The women’s team—which finished the year 18-11 overall and 10-4 (third place) in the Ivy League—also had a chance to hit a big shot and advance in the postseason. With 26 seconds remaining in the Ivy tournament semifinals and the Crimson trailing Penn 54-51, first-team all-Ivy point guard Katie Benzan ’20 attempted a three. (She had already drained six three-point shots, en route to a game-high 20 points.) But her attempt missed, and for the second consecutive year, the Crimson exited the tournament in the semifinal round.

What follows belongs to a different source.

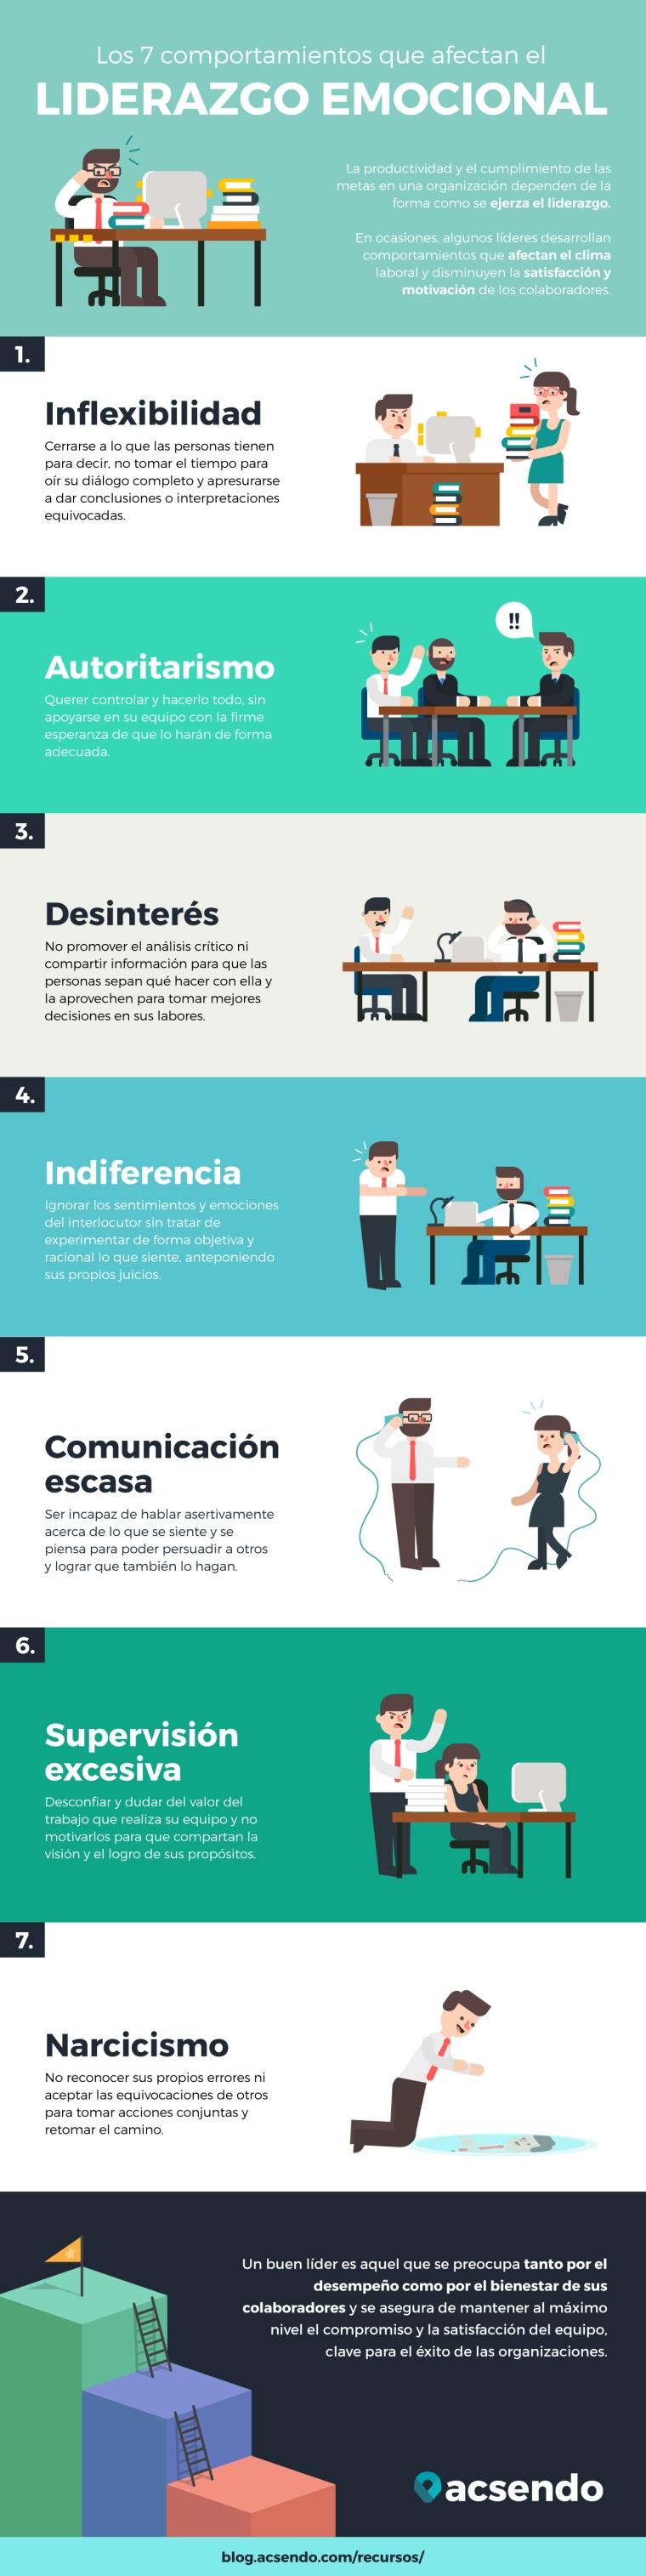 Infografía-Liderazgo-1.jpg
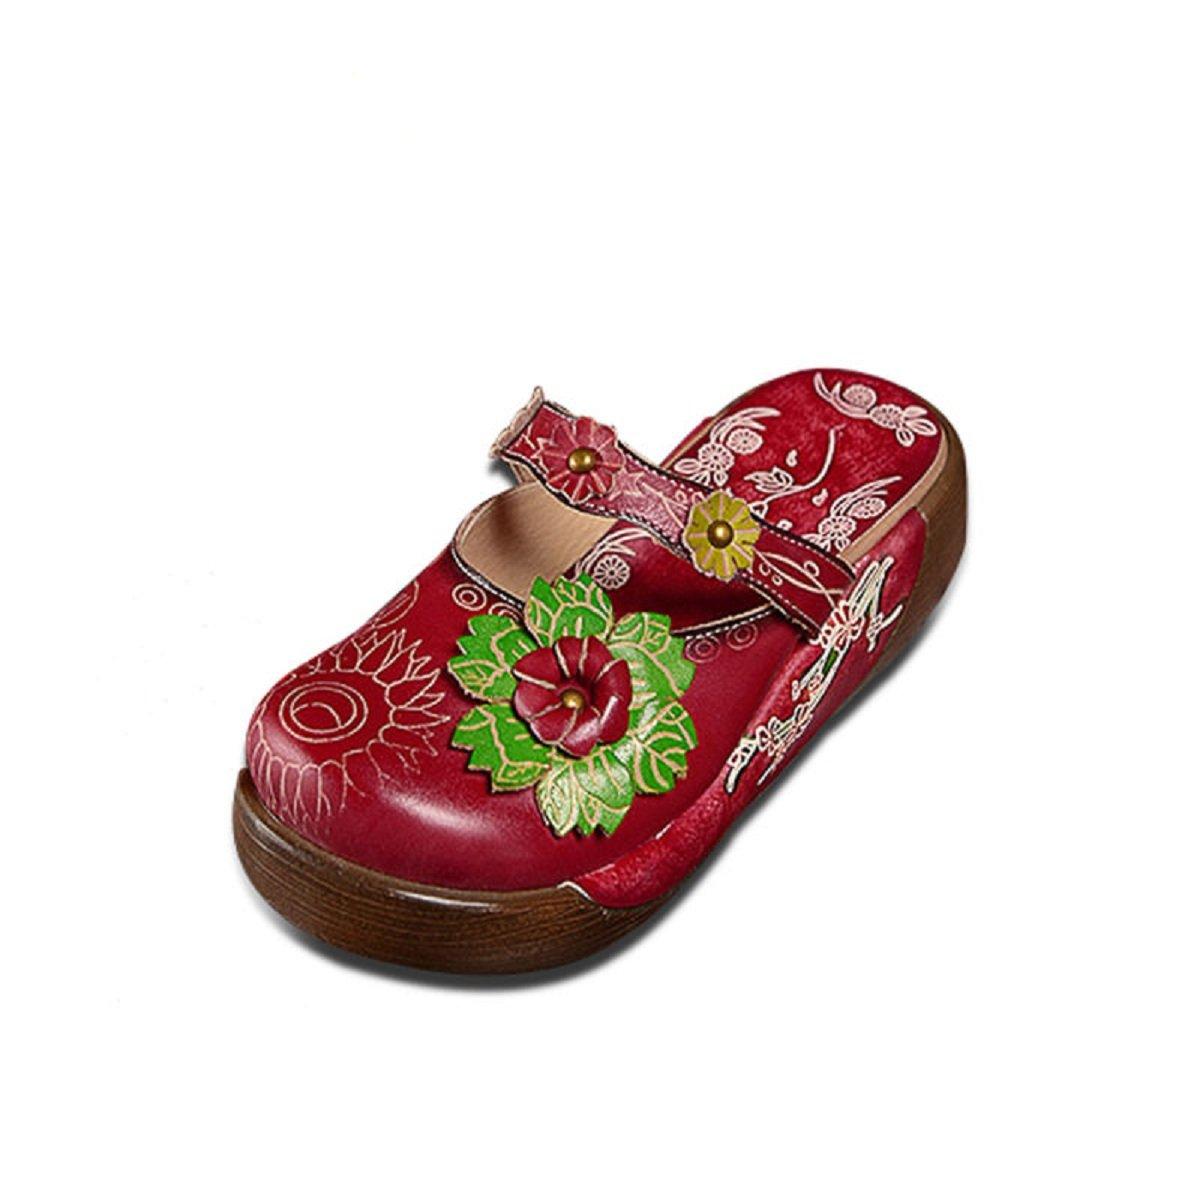 Socofy Sabots Femmes Filles, Chaussures Été Printemps en Cuir Mules avec Fleurs Colorés à Talons Compensés Plateformes Clogs Ville pour Jardin Vacances Plage Design Original Confortable SOCOFYUKBEATT6376

Because the team had a strong regular season record, the Crimson received an at-large bid to the women’s NIT (also for the second straight year)—and, at first, the squad appeared poised to advance, seizing a 33-24 halftime advantage in the opening round at Fordham. But the Rams outscored the Crimson 41-14 in the second half, and Harvard headed home after a 65-47 defeat.

The women’s team, like the men’s, retains many of its best players, including Benzan; center Jeannie Boehm ’20 (a second-team all-Ivy selection); and a trio of talented junior guards in Madeline Raster, Nani Redford, and Sydney Skinner. But coach Kathy Delaney-Smith confronts the problem of replacing the production of starters Kirby Porter ’18 and Taylor Rooks ’18, an all-Ivy second-team honoree and the team’s second-leading scorer behind Benzan at 12.5 points per game.